While I supported the appointment of a special counsel after Trump unwisely fired James Comey as director of the FBI, Mueller’s staff and budget seem to have grown in inverse proportion to the evidence of actual crimes. Indeed, thus far, the only articulable crimes center on Paul Manafort and are far removed from Trump or his staff. Manafort has the unfortunate distinction of being the designated defendant of this scandal with collateral tax, banking and lobbying violations.
In such a context, it would be understandable for Trump and McGahn to push back on a sweeping demand of this kind in more than a dozen different areas. He has the ability to do so under executive privilege, which is not mentioned in the Constitution, though it has been raised in some form since the administration of George Washington.
The landmark case articulating the privilege was United States v. Nixon in 1974 where the Supreme Court ruled 8-0 against President Nixon in his refusal to turn over tape recordings and other material linked to the Watergate scandal. Even Chief Justice Warren Burger, who was known for supporting executive powers, ruled that Nixon had to turn over the material to special prosecutor Leon Jaworski.
There is, however, a potentially significant distinction. In the Nixon case, there were pending charges against individuals and the evidence was being sought as part of that federal case. It was, therefore, a prosecution and not simply an investigation. The court ruled that Jaworski had shown “sufficient likelihood that each of the tapes contains conversations relevant to the offenses charged in the indictment” and that the information was “demonstrably relevant in a criminal trial.” That is in sharp contrast to the current investigation in what still looks like a scandal in search of a relevant crime.

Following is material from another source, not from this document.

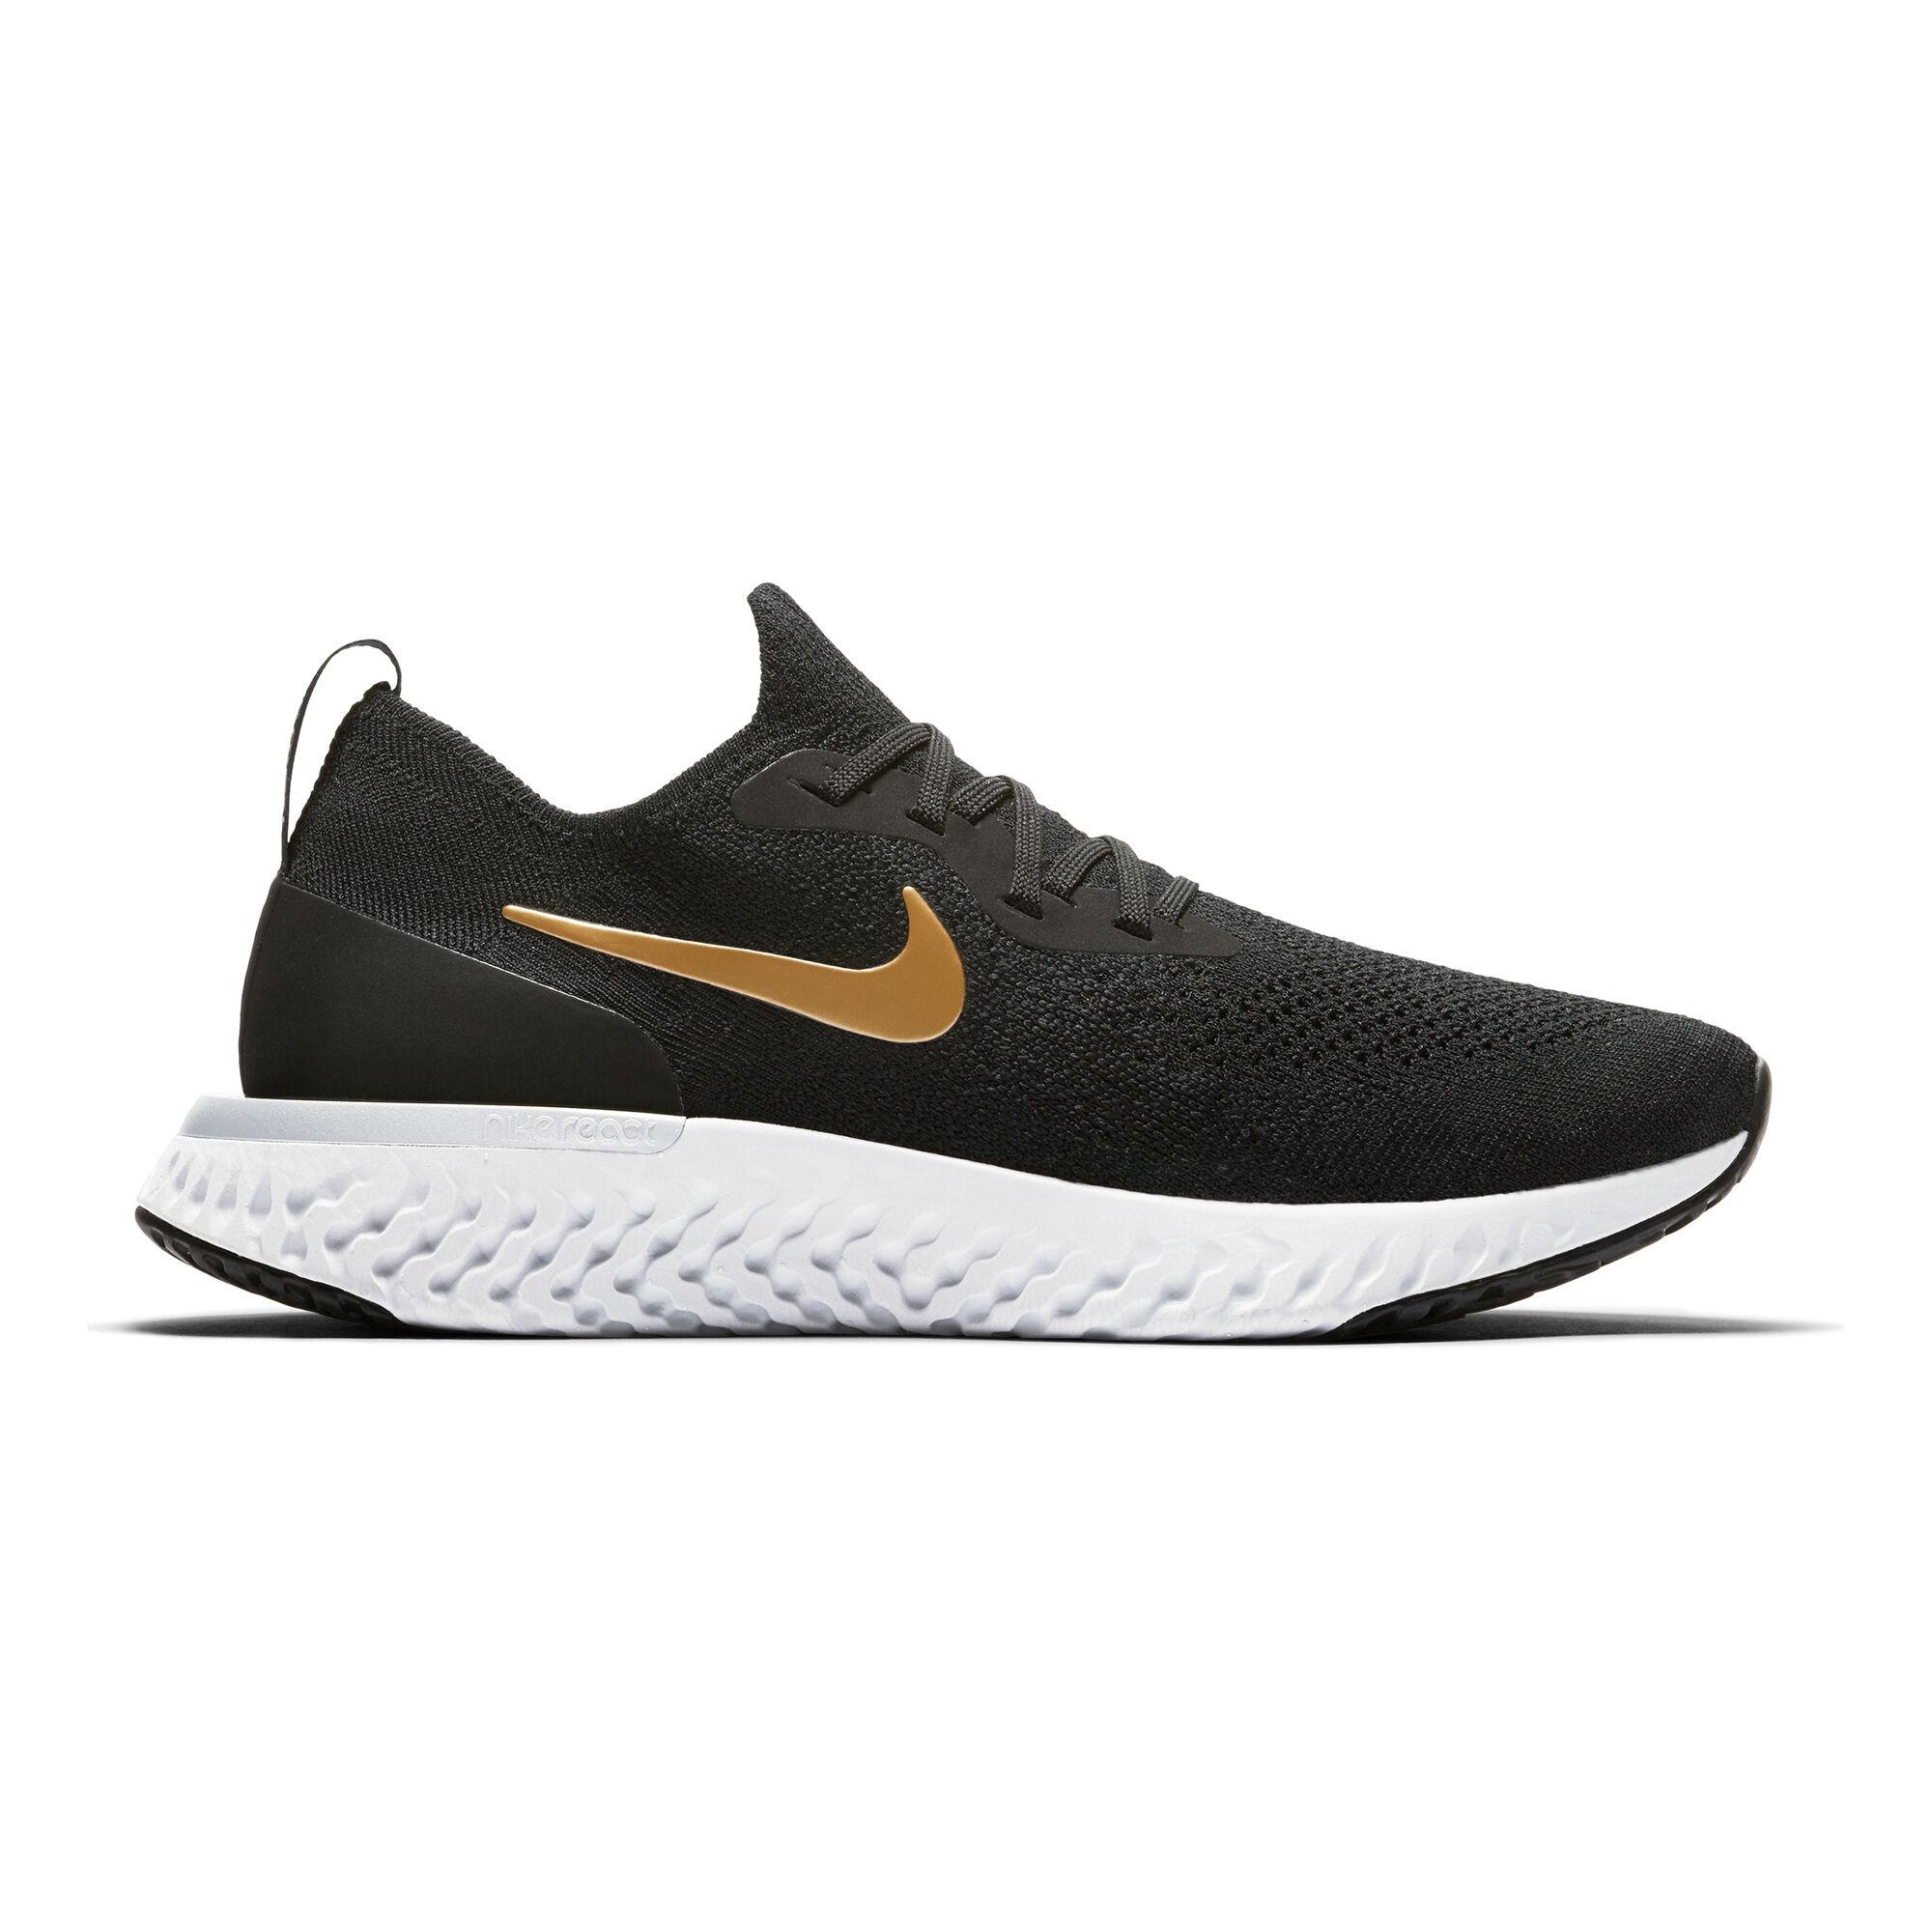 1f2c32637b07 buy Nike Epic React Flyknit Neutral Running Shoe Women - Black

The Supreme Court rejected an absolute privilege assertion in Nixon but still recognized that a balancing must occur in such cases. The demand of prosecutors becomes more compelling as part of an actual criminal case with specific evidence tied to indicted offenses. That does not mean that the privilege can defeat such demands at the investigatory stage. After all, two grand juries are investigating possible crimes and, if accounts are to be believed, Mueller is preparing to indict Manafort on anything short of ripping a label off a mattress.

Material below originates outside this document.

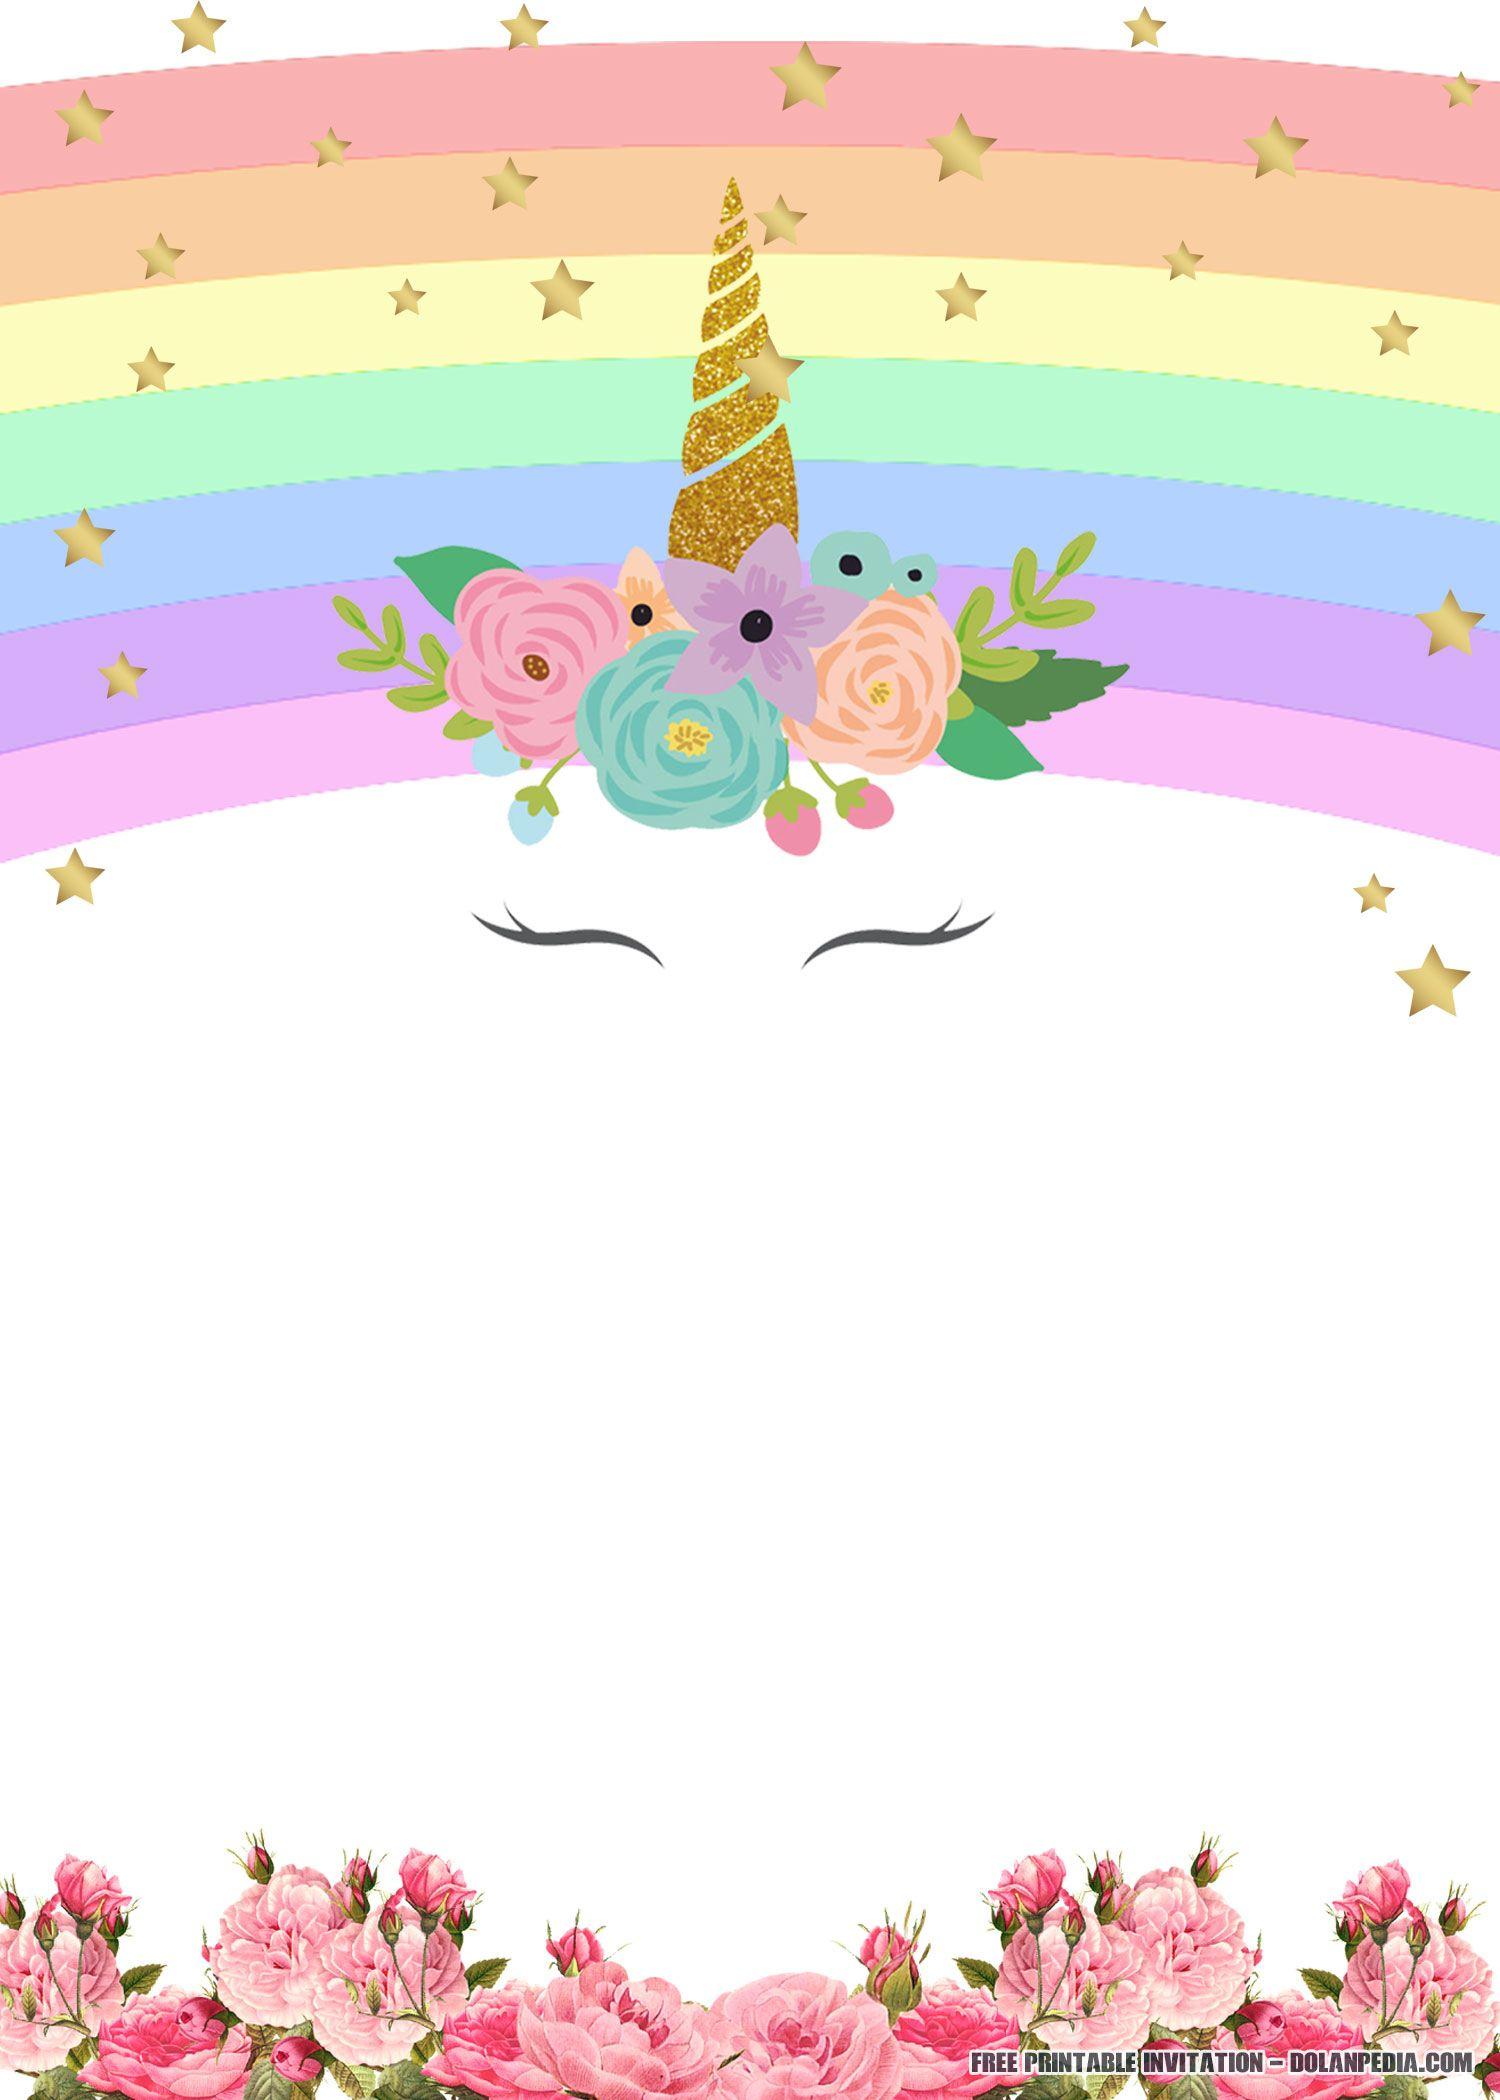 Free Printable Golden Unicorn Birthday Invitation | Unicorn - Free Printable Unicorn Birthday Invitations

So if there is a case to be made, why not make it? Because good law does not necessarily make for good cases. Trump cut his teeth in the highly litigious world of real estate, where litigation is a tool for delay and coercion. It is tactical. Constitutional cases are strategic. Even if Trump were to prevail in narrowing Mueller’s demand, it is unlikely that he could withhold much of the evidence from either Congress or the courts. He will find himself on the wrong side of a balancing test, and ultimately, history.

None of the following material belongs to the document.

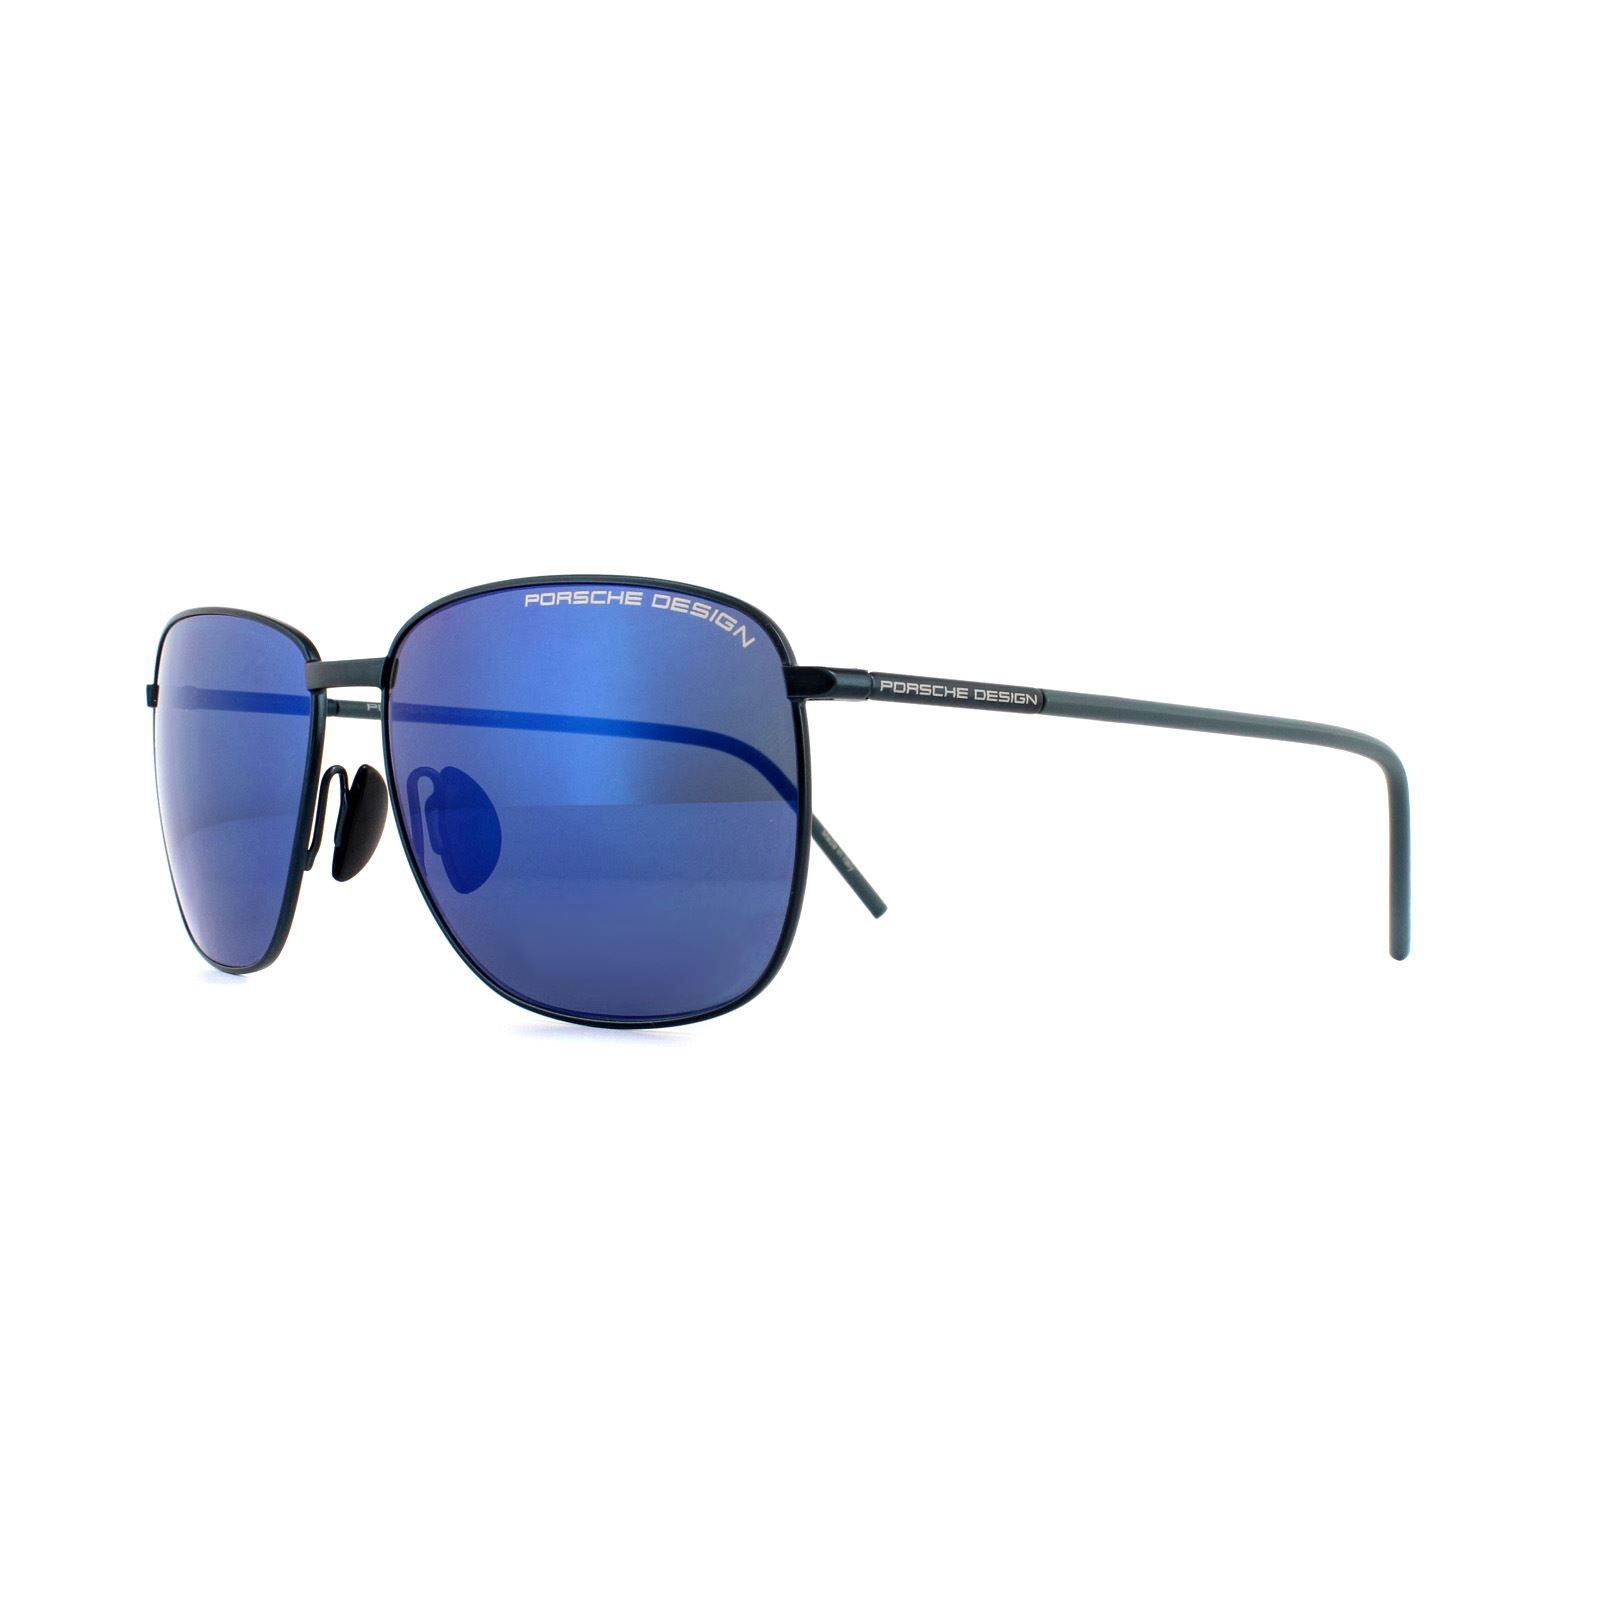 Porsche Design Sunglasses P8630 D Dark Blue Strong Dark Blue Mirror

If Cobb was struggling with McGahn over the disclosure of the documents in his safe, he successfully forced the issue (and likely the disclosure) in his lunch special with The New York Times. In Washington, McGahn’s safe has now taken on the lore of Geraldo Rivera and Al Capone’s vault. The difference is that Rivera didn’t have subpoena authority and the safe was empty. Courts have already rejected claims of attorney-client privilege for government lawyers like McGahn in withholding documents.
Now Trump’s own lawyer has expressed his view that there are two material documents being withheld in the safe. It will be difficult to make this cat walk backwards at this point, and McGahn should err on the side of disclosure. Better yet, Trump should order the disclosure of the material to the greatest extent possible, then order Cobb to start eating lunch at this desk.